Don't Throw Out Your Toddler's Toys Just Yet

Don't Throw Out Your Toddler's Toys Just Yet

Parents spend way too much time thinking about how to make a dent in the mountain of toys that piles up during the first couple of years of a child's life.

We shuffle awkwardly into charity shops laden down with bags, spend hours composing zingy eBay or Freecycle listings, and as soon as a friend or relative announces their pregnancy, we start mentally compiling a list of exactly what we're going to lump them with.

And if these fail, there's always the garage. Parent Law No. 176 states that the only cars that are kept in garages nowadays are plastic and made by Fisher Price.
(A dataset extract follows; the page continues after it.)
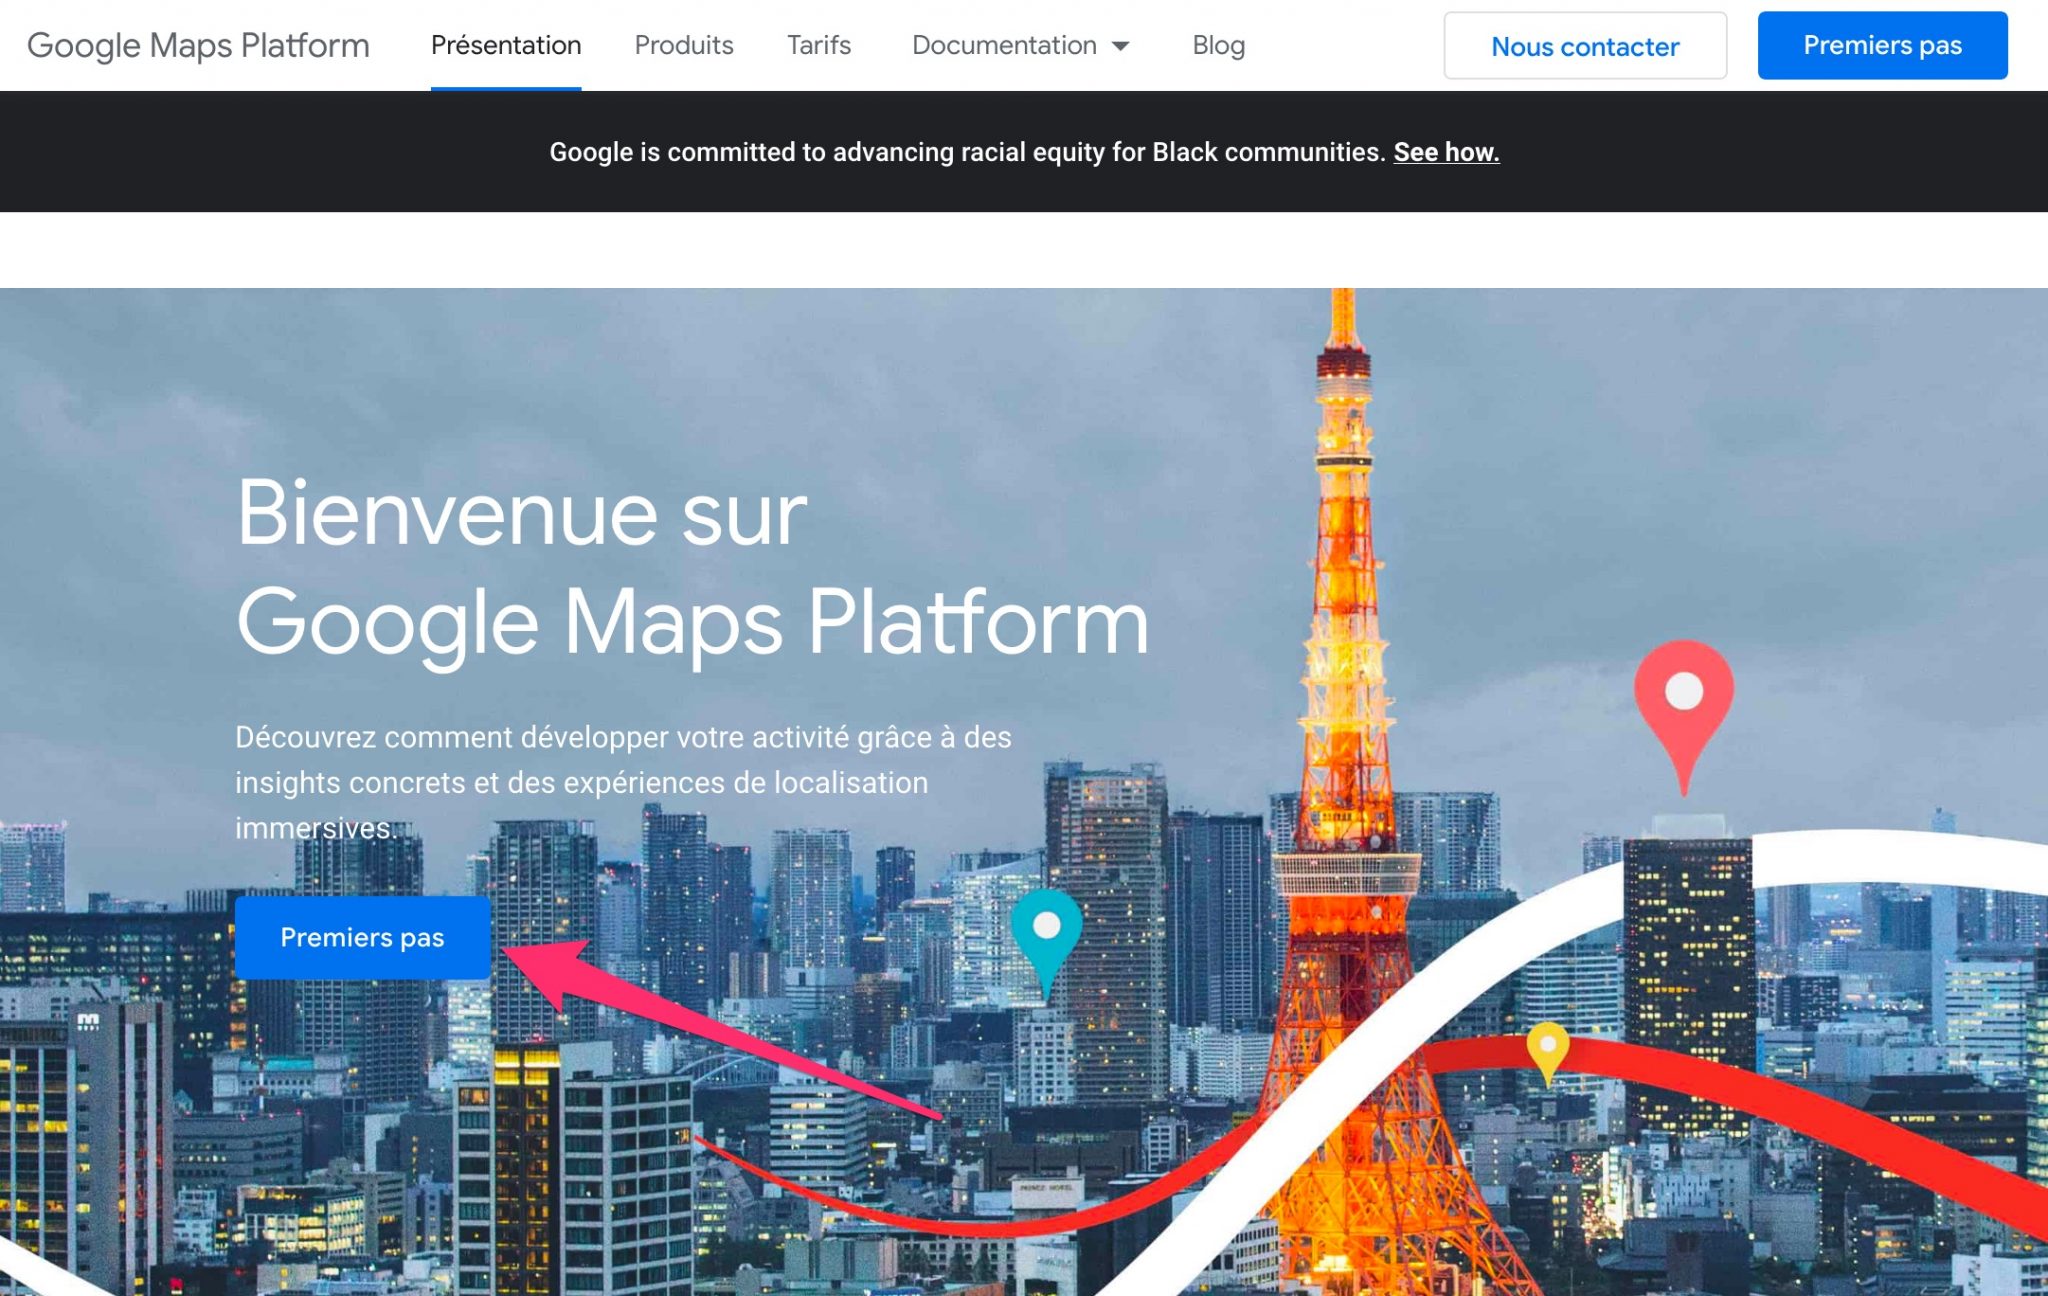 Premiers pas Google Map Platform

So it's easy to end up in a constant cycle of toy replenishment: newborn stuff leads to 6-month-plus toys, then 1+, 2+ and so on. And even if you're parsimonious when it comes to buying them, your family won't be. Hence the theory of getting rid of old toys as soon as your child loses interest.
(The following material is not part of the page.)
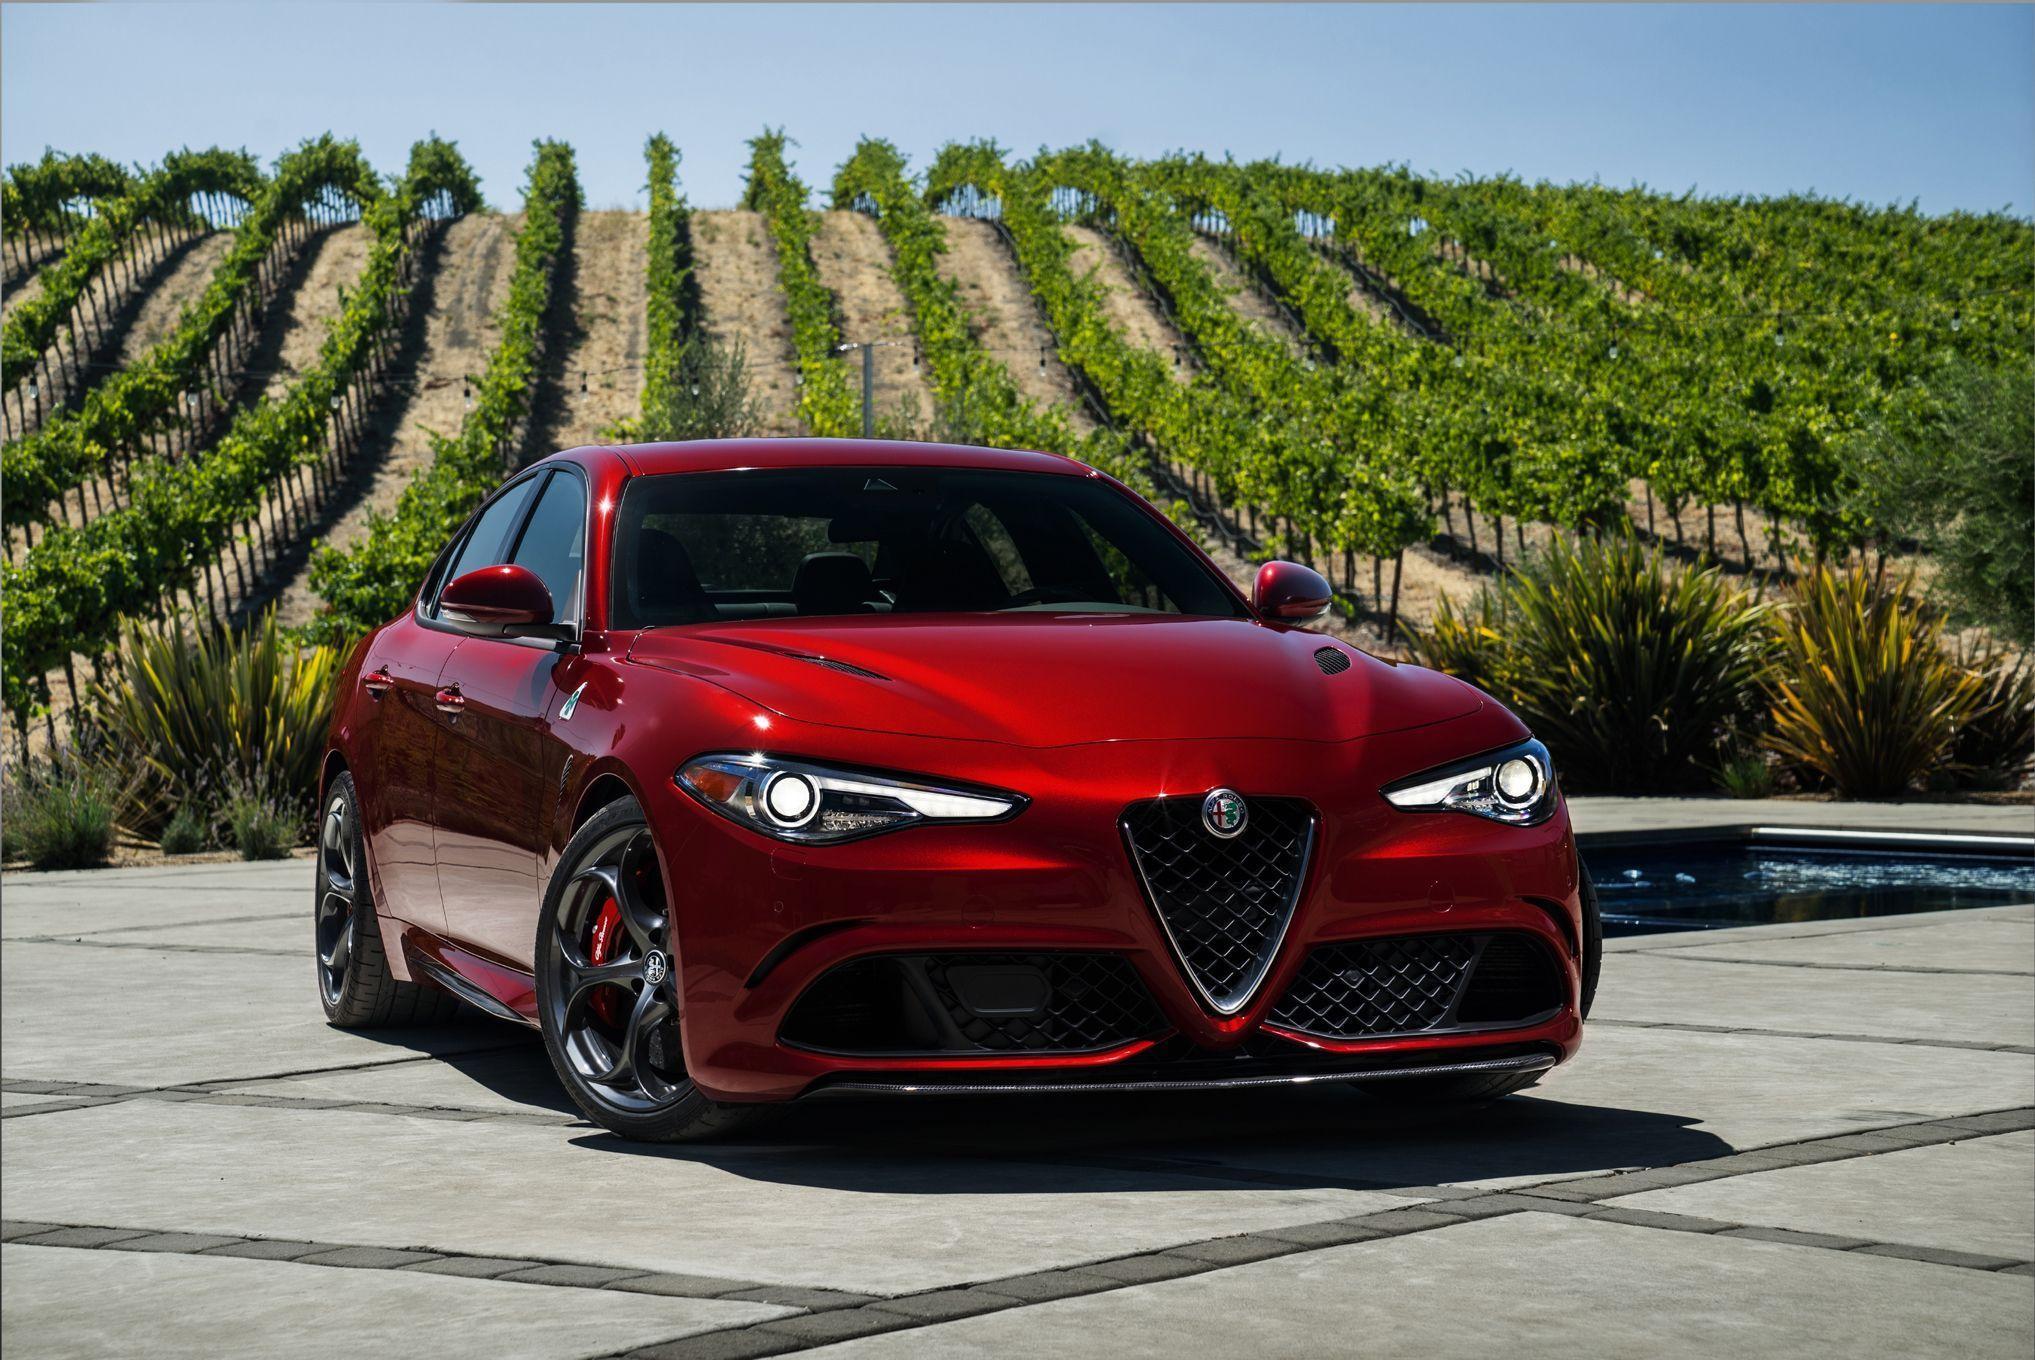 Alfa Romeo Giulia Makes U.S. Debut at L.A. Auto Show

However, it's a mistake.It's a mistake for a few reasons. First and most obviously, you might have another child - which is where the loft comes in. Second, some of those toys might be worth something. This is a specifically Dad hope to have, usually against all the evidence. It requires faith that in 2045, The Antiques Roadshow will be replete with grubby Iggle Piggles that smell of decades-old saliva.
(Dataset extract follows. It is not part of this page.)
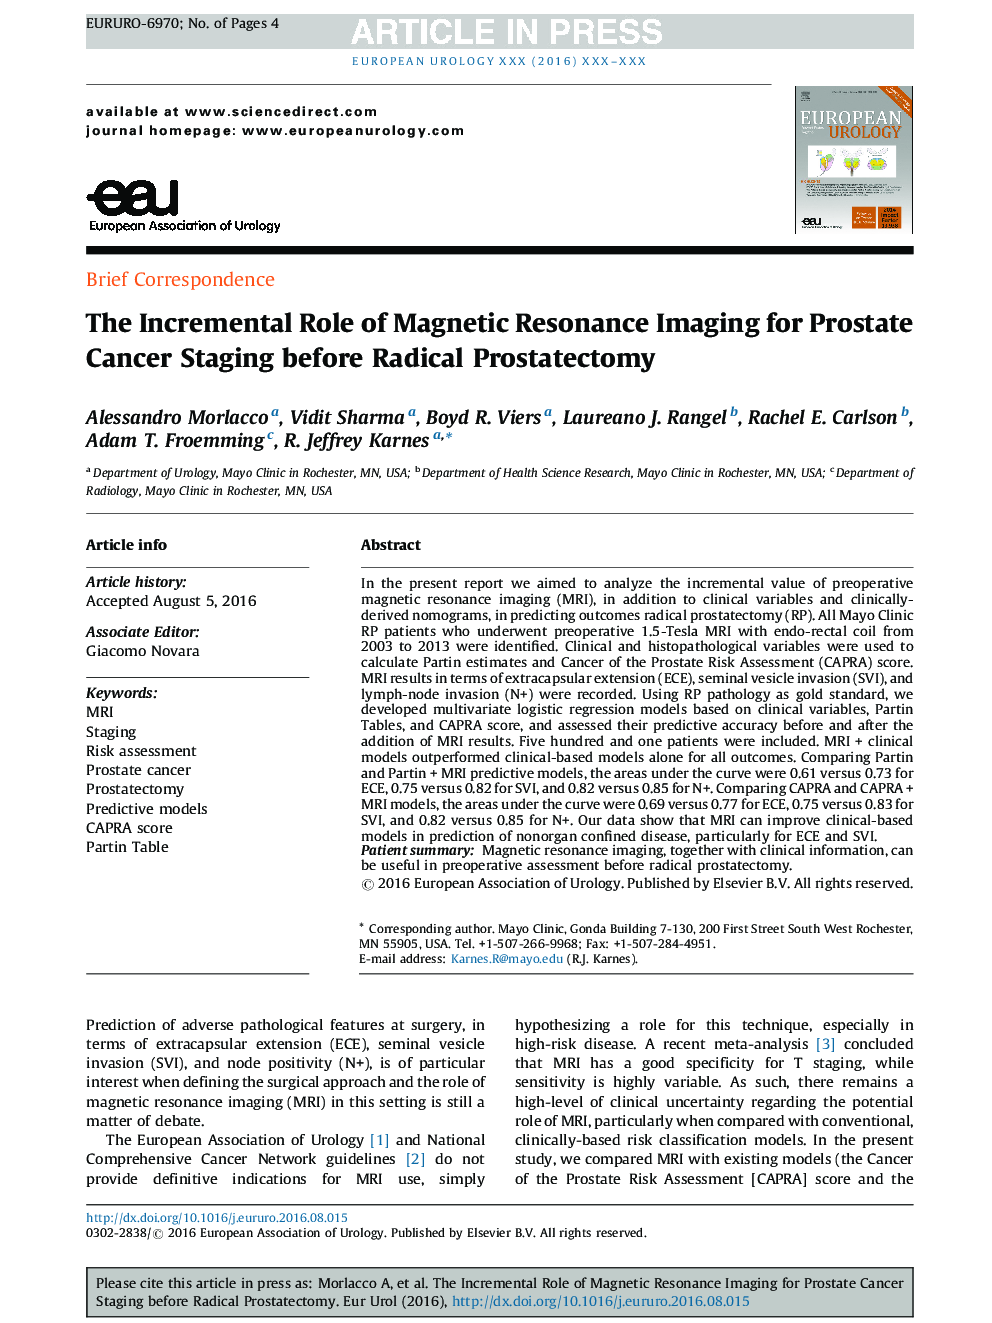 نقش افزایشی تصویربرداری رزونانس مغناطیسی برای پیشگیری از سرطان پروستات قبل از پروستاتکتومی رادیکال

But the third reason not to get rid of toys too soon is that your child will come back to them. It's something I've discovered recently, after accidentally leaving a basket of charity-shop-bound toys by the front door, which were then discovered by my two-year-old.

It's like they're new toys. Shaky bell things that bored him after a couple of weeks last year are now reborn now he knows they can be thrown across the room at cats. Once-discarded books are being read and re-read several times a day now he can shout out colours and animal names.

And he can finally play that xylophone. Well, I say play...

It's encouraged us to dig other old toys and books out, many of which have been received rapturously as if new. It seems a rotation policy isn't just something that benefits Premiership footballers.

The only trouble, of course, is that this discovery has crippled our plans to reduce the toy mountain to more of a hillock. And while it might mean we don't have to buy any new toys, that's a nigh-impossible policy to enforce on the average doting grandparent.